Jusqu’à présent, l’effet le mieux documenté d’une supplémentation en graines de lin est sur la diminution de la pression artérielle.  Par exemple, une étude randomisée à double aveugle avec placebo réalisée à Porto Rico (FLAX-PAD) a montré que l’ajout de 30 g de graines de lin moulues à l’alimentation provoquait une baisse significative de la pression systolique (10 mm Hg) et diastolique (7 mm Hg).  Cette réduction est encore plus prononcée chez les personnes qui étaient hypertendues au départ de l’étude (>140 mm Hg), avec une réduction de 15 mm Hg de la pression systolique, une baisse encore plus prononcée que celle obtenue à l’aide de certains médicaments antihypertenseurs.  Une méta-analyse de 11 études sur l’impact de la supplémentation en graines de lin sur la pression artérielle suggère toutefois un effet antihypertenseur plus modeste, avec des baisses d’environ 2 mm Hg de la pression systolique et de 1,2 mm de Hg de la pression diastolique.  Cela peut sembler peu, mais les études montrent qu’une réduction de la pression artérielle de cet ordre pourrait diminuer de 10 % la mortalité associée aux AVC et de 7 % celle causée par les maladies coronariennes.

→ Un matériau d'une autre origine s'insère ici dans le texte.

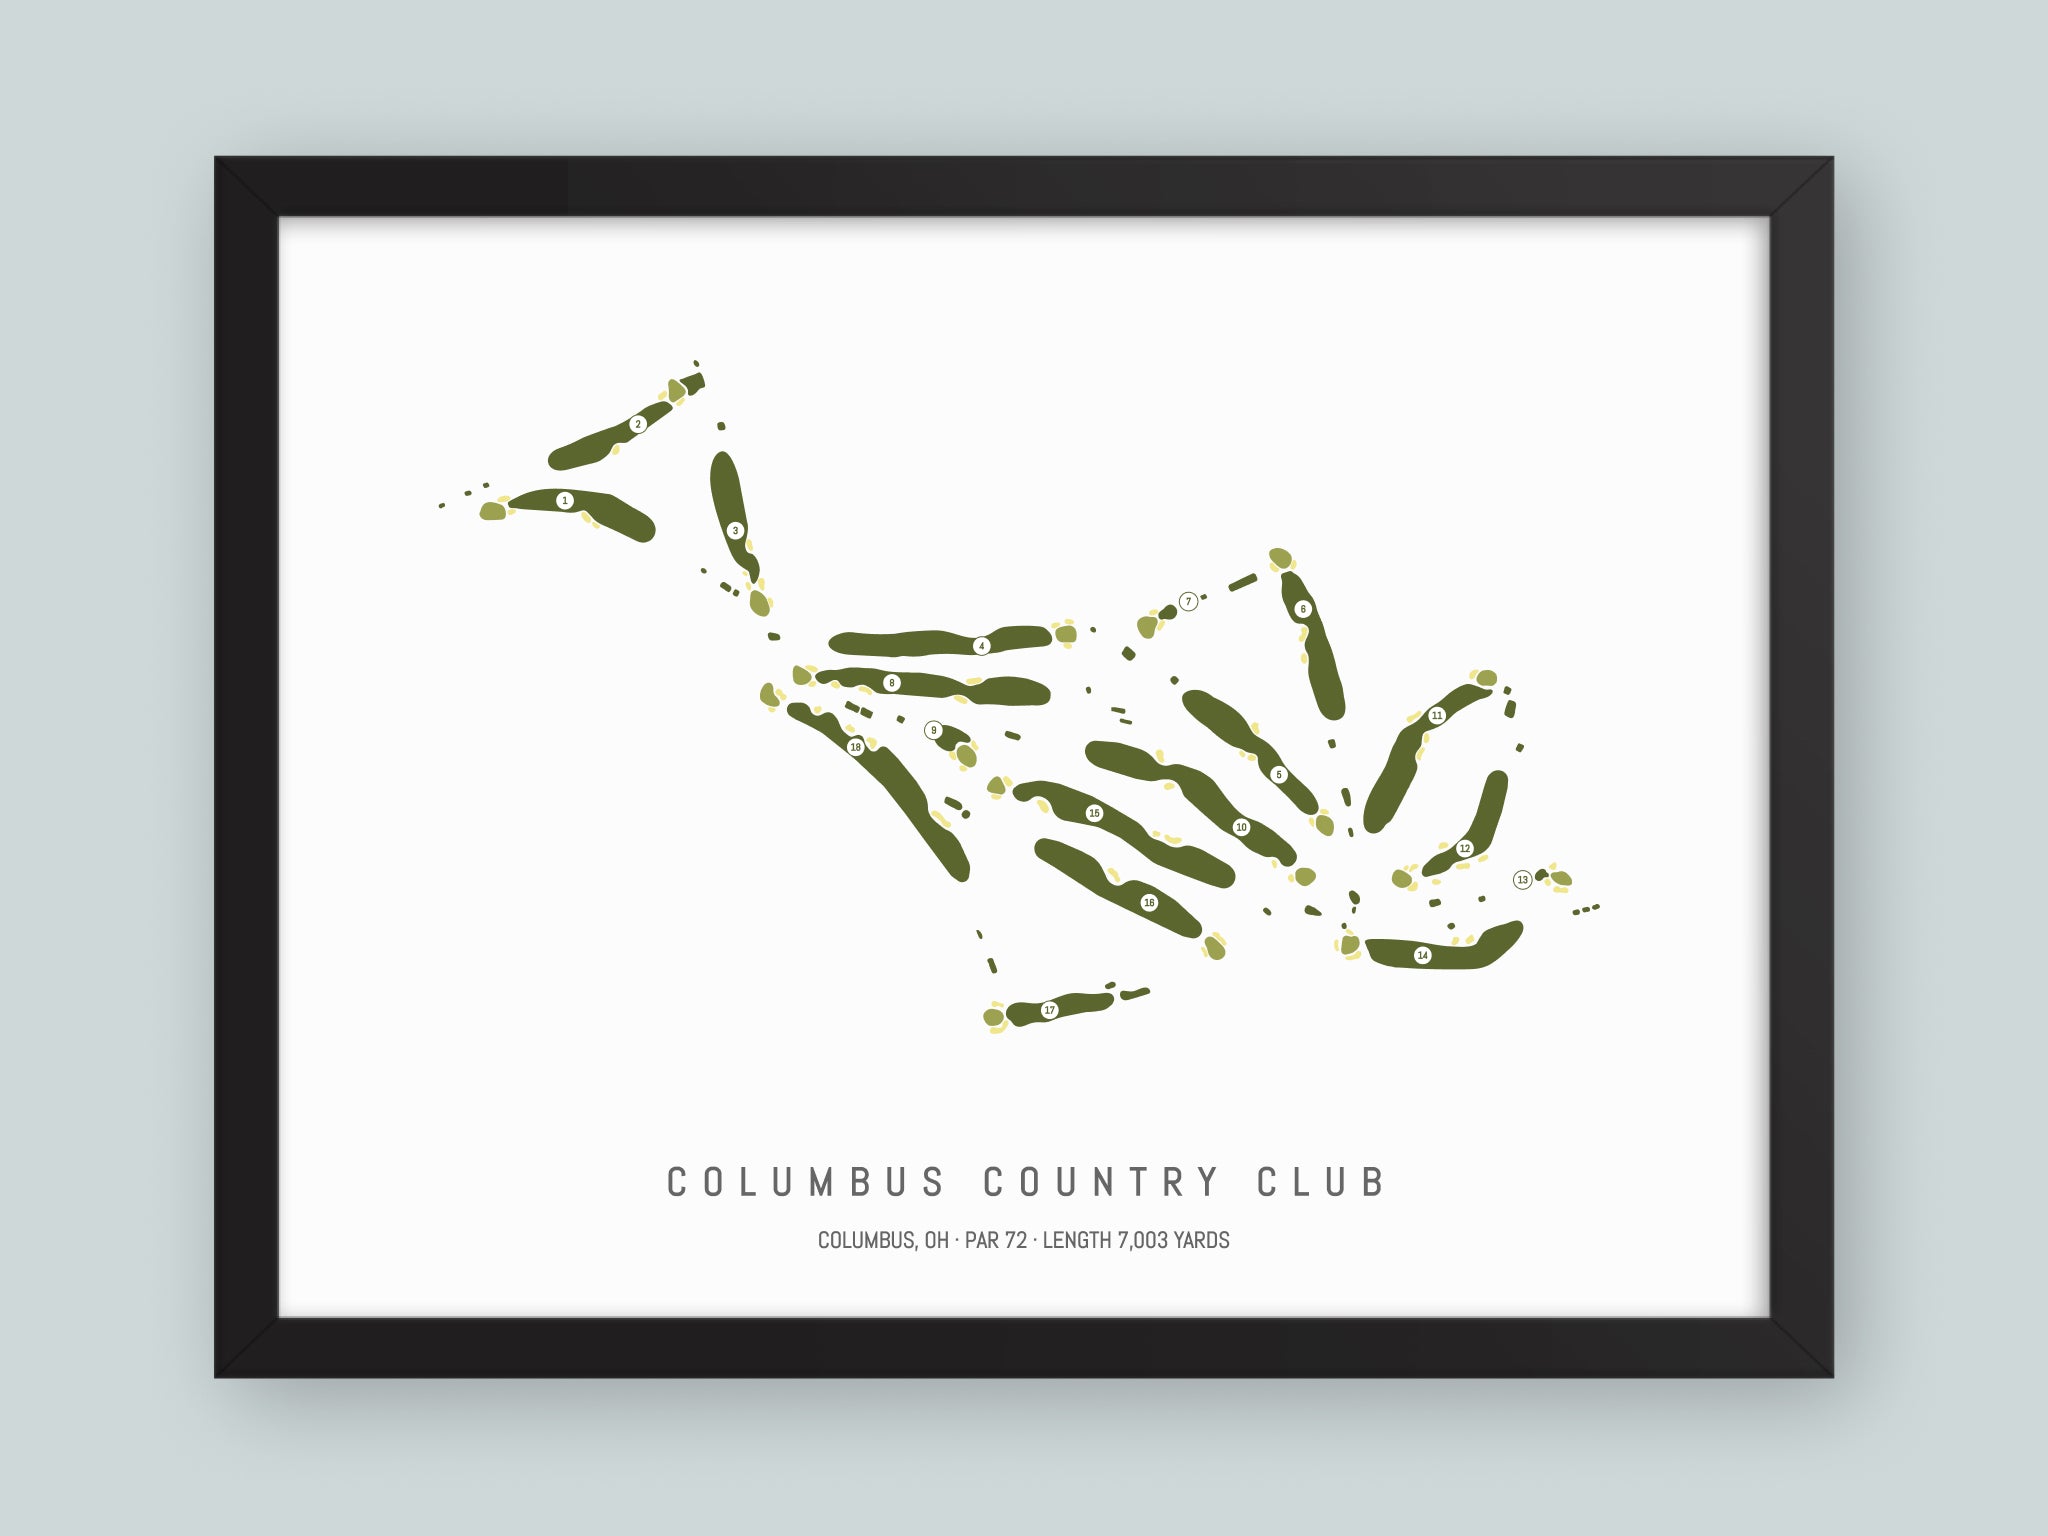 Columbus-Country-Club-OH--Black-Frame-24x18-With-Hole-Numbers

Il semble également que la supplémentation en graines de lin pourrait diminuer les taux de cholestérol-LDL, un autre important facteur de risque de maladies cardiovasculaires.  Une méta-analyse de 28 études a montré que les graines de lin provoquaient une diminution moyenne de 0.10 mmol/L  et de 0.08 mmol/L du cholestérol total et du cholestérol-LDL, respectivement, cet effet étant particulièrement prononcé chez les femmes (- 0.24 mmol/L) et chez les personnes qui présentaient des taux de cholestérol élevés au début de l’intervention.  Une réduction de 15 % du  cholestérol-LDL a également été observée chez des patients atteints d’une artérite des membres inférieurs, cette baisse s’additionnant à celle provoquée par les statines.

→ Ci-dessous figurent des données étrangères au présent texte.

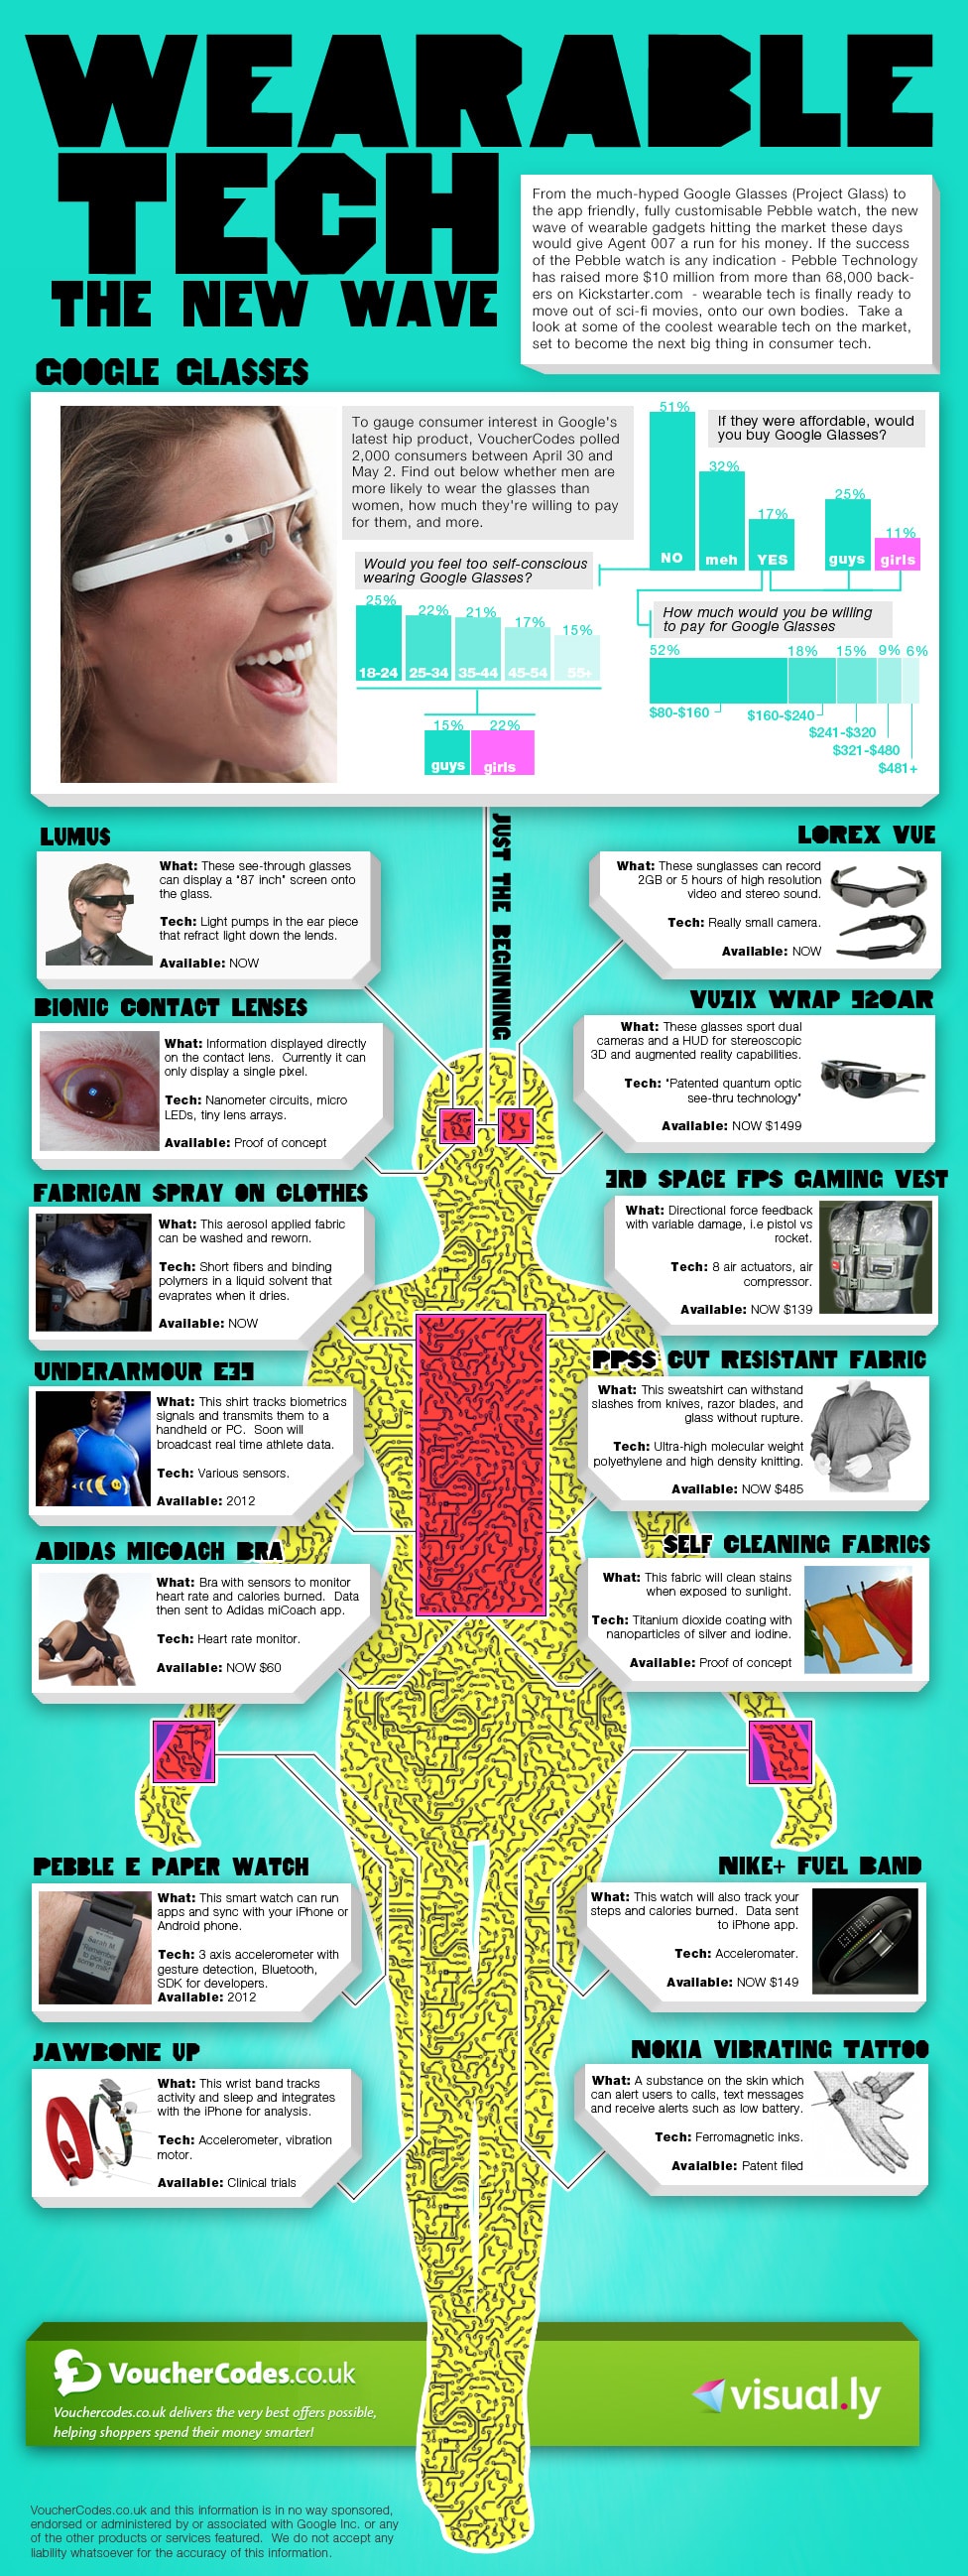 Is Wearable Tech The New Trend In 2013? [Infographic]

Au cours des dernières années, on a beaucoup mis d’emphase sur l’importance de consommer régulièrement des acides gras oméga-3 à longues chaines (DHA et EPA), principalement présents dans les poissons gras comme le saumon, pour diminuer le risque de maladies cardiovasculaires.  Il ne faudrait cependant pas oublier que les oméga-3 d’origine végétale ont eux aussi un rôle protecteur et qu’un apport élevé en aliments riches en acide linolénique, comme les grains de lin, peut lui aussi contribuer à réduire le risque d’événements cardiovasculaires.  D’ailleurs, un certain nombre d’études (ici et ici, par exemple) ont rapporté que les deux types d’oméga-3 ont des rôles complémentaires et qu’une hausse combinée de l’apport en acide linolénique et en oméga-3 à longues chaines pourrait être souhaitable pour obtenir un effet protecteur maximal.

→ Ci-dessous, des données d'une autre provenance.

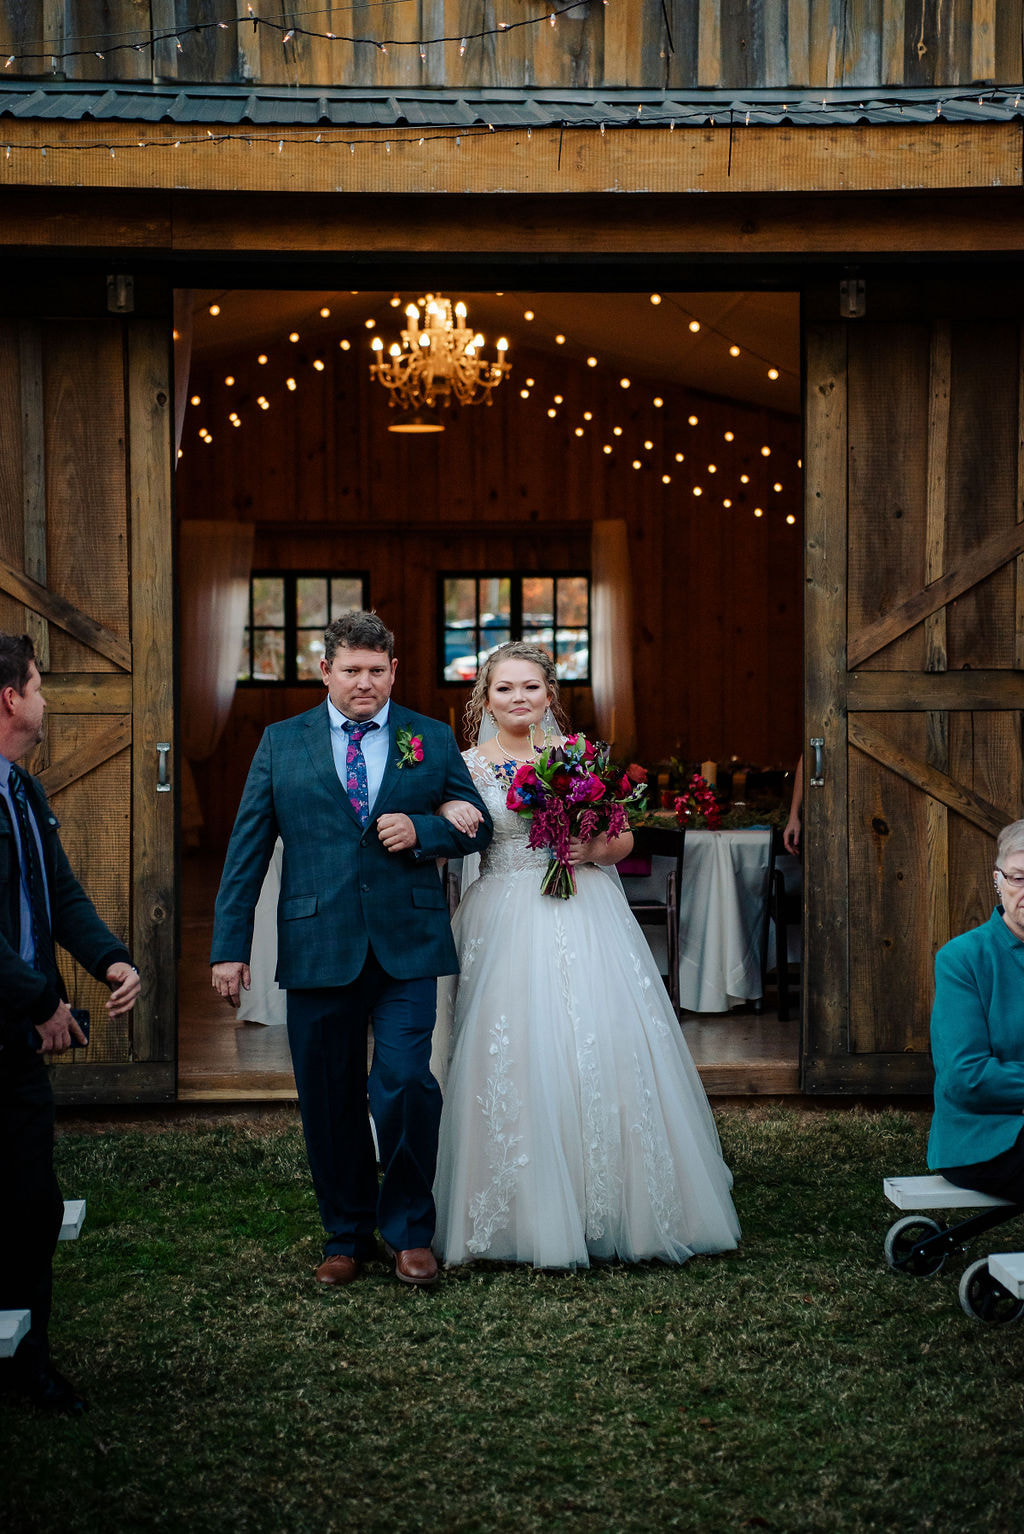 Bride and father walking down the aisle at barn venue

Concrètement, on recommande un apport quotidien moyen de 2,2 g en acide linolénique, ce qui correspond à une seule cuillérée à table (15 ml) de graines de lin.  Il faut absolument broyer les graines pour augmenter l’absorption des acides gras oméga-3 et permettre la transformation des lignanes en phytoestrogènes actifs par les bactéries intestinales. Par contre, les oméga-3 étant très fragiles et sensibles à la dégradation, achetez des graines entières que vous pourrez moudre au fur et à mesure dans un simple moulin à café et conservez la mouture au maximum de deux semaines au frigo dans un contenant hermétique.  Les graines moulues possèdent un léger goût de noisette qui se marie très bien aux céréales, yogourts, smoothies et même comme accompagnement aux salades.